Why oxide-agent over thin wrappers like ollama-rs?

Safety — input sanitization and sandboxed tool execution at the crate level.

Concurrency — tokio-native; run multi-agent swarms without a GIL bottleneck.

Ergonomics — idiomatic Rust APIs, not a ported Python library.

Testability — the OllamaClient trait makes full unit testing possible without a running server.

Installation
Features
Error Handling
Architecture
Examples
Testing
Contributing
License

Installation

Requires Rust 1.75+ and an Ollama server running on localhost:11434.

[dependencies]
oxide-agent = { git = "https://github.com/TheJagpreet/oxide-agent" }

Optional features:

# Sandboxed WASM tool execution via wasmtime
oxide-agent = { git = "https://github.com/TheJagpreet/oxide-agent", features = ["wasm-tools"] }

# High-throughput batch embedding via a Mojo-compiled binary
oxide-agent = { git = "https://github.com/TheJagpreet/oxide-agent", features = ["mojo-interop"] }

Features

HTTP Client

oxide_agent::client provides the OllamaClient trait — a mockable async abstraction over any Ollama-compatible backend — and HttpOllamaClient, the production implementation backed by reqwest.

Covered endpoints:

Method	Endpoint	Description
`generate`	`POST /api/generate`	Single-turn text completion
`chat`	`POST /api/chat`	Multi-turn chat, including tool/function calling
`embed`	`POST /api/embed`	Dense vector embeddings (single or batch)
`list_models`	`GET /api/tags`	List models available on the server
`stream_generate`	`POST /api/generate`	Token-by-token streaming completion
`stream_chat`	`POST /api/chat`	Token-by-token streaming chat

Because OllamaClient is a trait, the entire stack is testable with an in-process mock — no running Ollama server required. See examples/basic_chat.rs.

Streaming

stream_generate and stream_chat use a zero-copy NDJSON pipeline:

bytes_stream() from reqwest forwards Bytes chunks without re-allocation.
tokio_util::io::StreamReader adapts the byte stream to AsyncRead.
FramedRead + LinesCodec splits on \n, yielding one deserialized token per line.

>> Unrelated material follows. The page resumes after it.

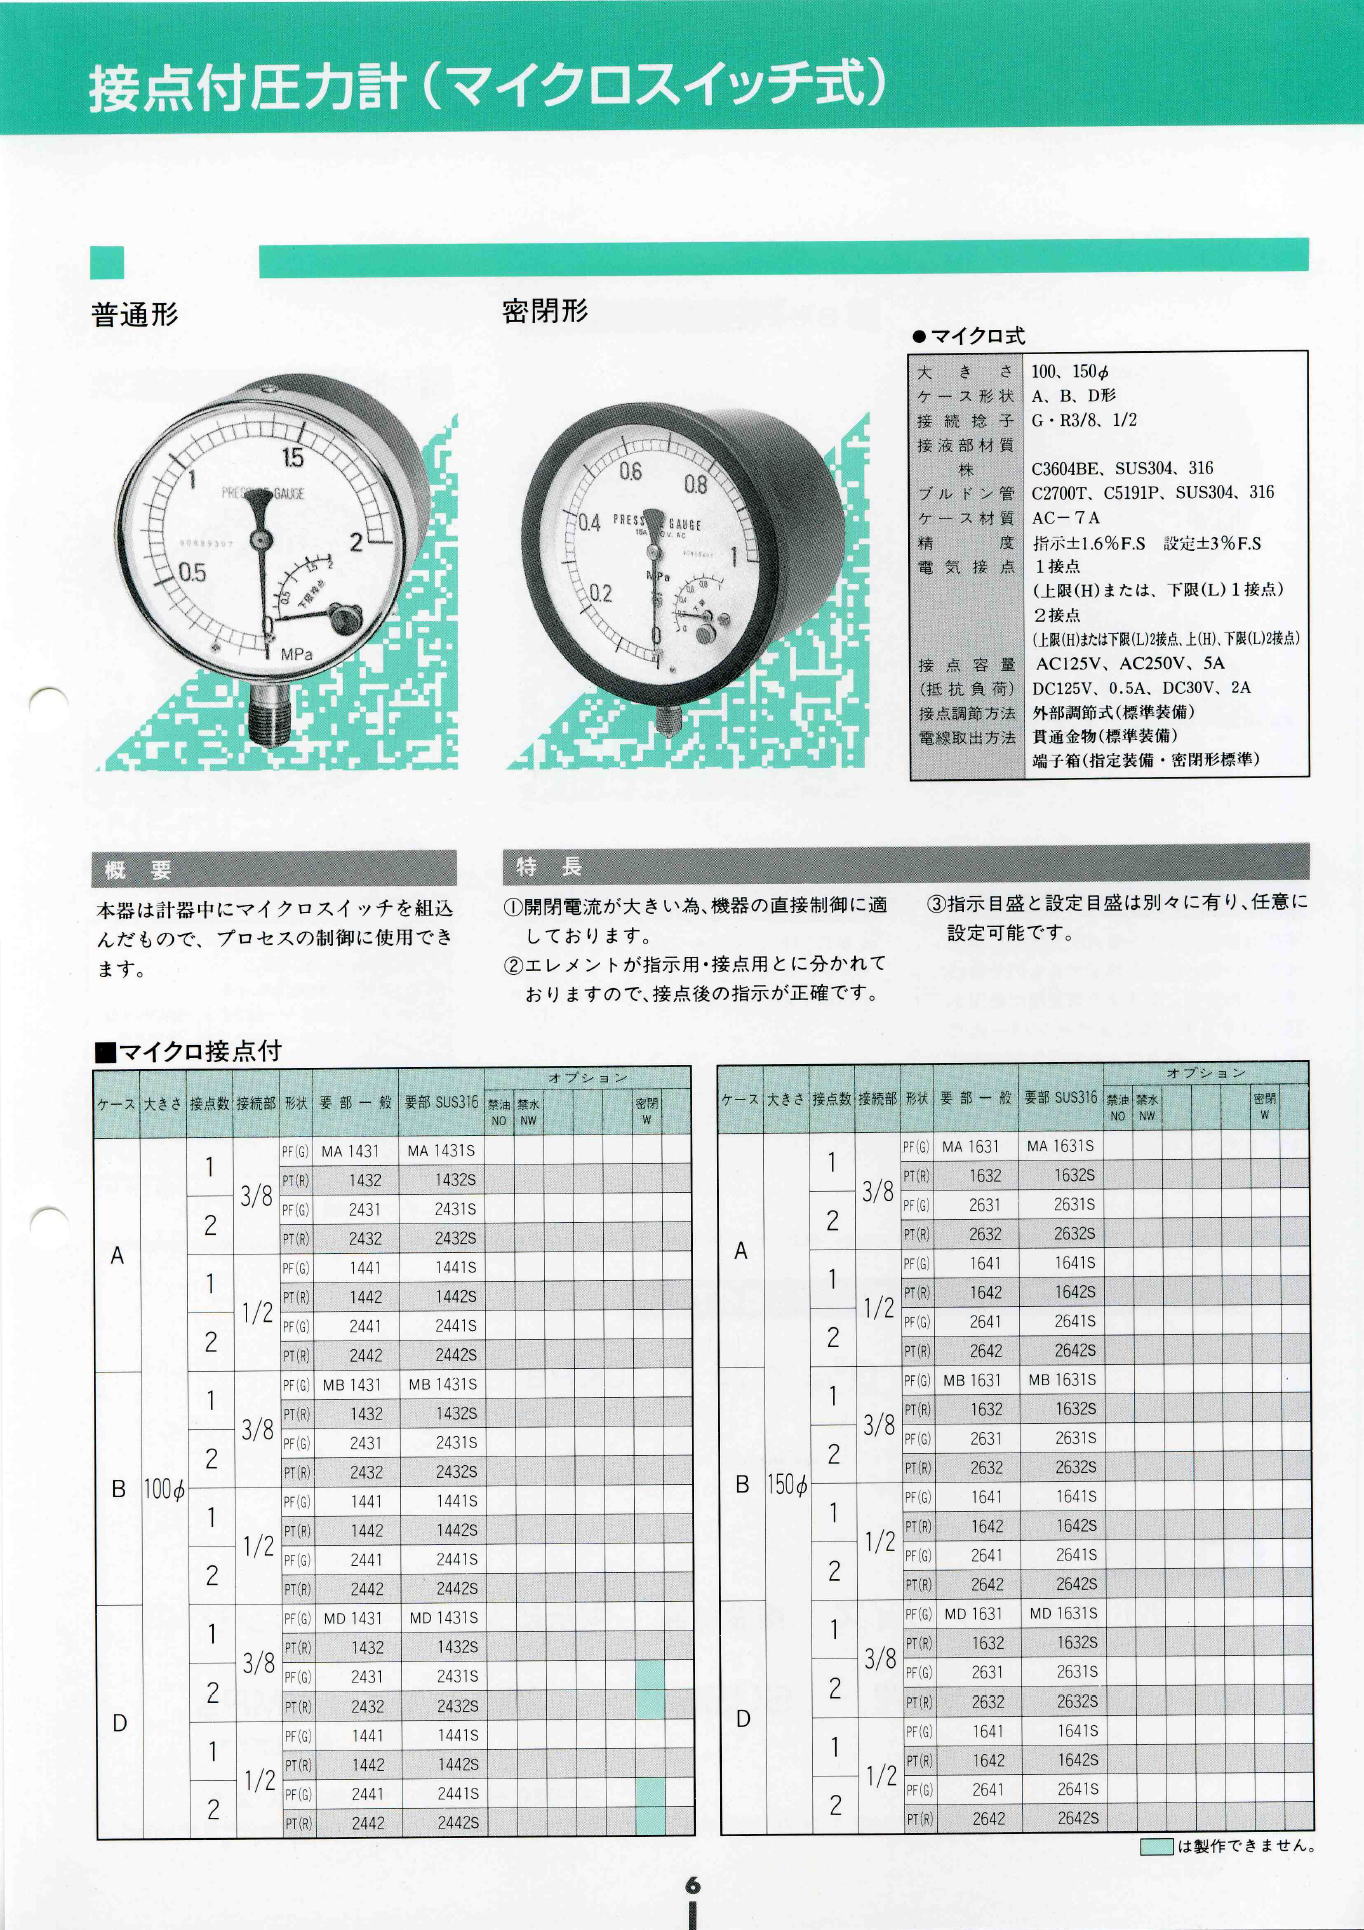 株式会社西野製作所　接点付圧力計（マイクロスイッチ式）　Pressure gauge with contacts (micro switch type)

Memory overhead is constant regardless of output length. See examples/streaming.rs.

Session Management

oxide_agent::session::Session is a stateful multi-turn conversation manager. It automatically:

Appends every user message and assistant reply to the history.
Estimates the token count (1 token ≈ 4 UTF-8 characters).
Triggers context compression when history exceeds max_tokens × compression_threshold.

Compression strategies:

Strategy	Behaviour
`TruncateOldest` (default)	Drops the oldest non-system messages until under budget
`Summarize { model }`	Asks Ollama to summarise the oldest half of history into a compact system message, then discards the originals

SessionConfig fields:

Field	Default	Description
`max_tokens`	`8_000`	Soft token budget for the message history
`compression_threshold`	`0.80`	Fraction of budget at which compression triggers
`compression_strategy`	`TruncateOldest`	Strategy applied when threshold is crossed

See examples/session.rs.

Tool Calling

oxide_agent::tools provides ToolRegistry for registering async handler functions and dispatching tool calls returned by the model, and ToolBuilder for constructing JSON Schema tool definitions without boilerplate.

ToolBuilder parameter types:

Method	JSON Schema type
`string_param(name, desc, required)`	`"string"`
`number_param(name, desc, required)`	`"number"`
`bool_param(name, desc, required)`	`"boolean"`

The full agentic loop — register → attach definitions → detect tool calls → dispatch → feed results back → final answer — is covered in examples/tool_calling.rs.

Retrieval-Augmented Generation

oxide_agent::rag::VectorStore is an in-memory vector store using Ollama's /api/embed endpoint and cosine similarity for nearest-neighbour search.

add_text(text, metadata) — embed a single string and store it.
add_file(path) — read a UTF-8 file, chunk by \n\n (paragraph), store each chunk with source and chunk metadata.
query(question, top_k) — return Vec<SearchResult> ranked by cosine similarity.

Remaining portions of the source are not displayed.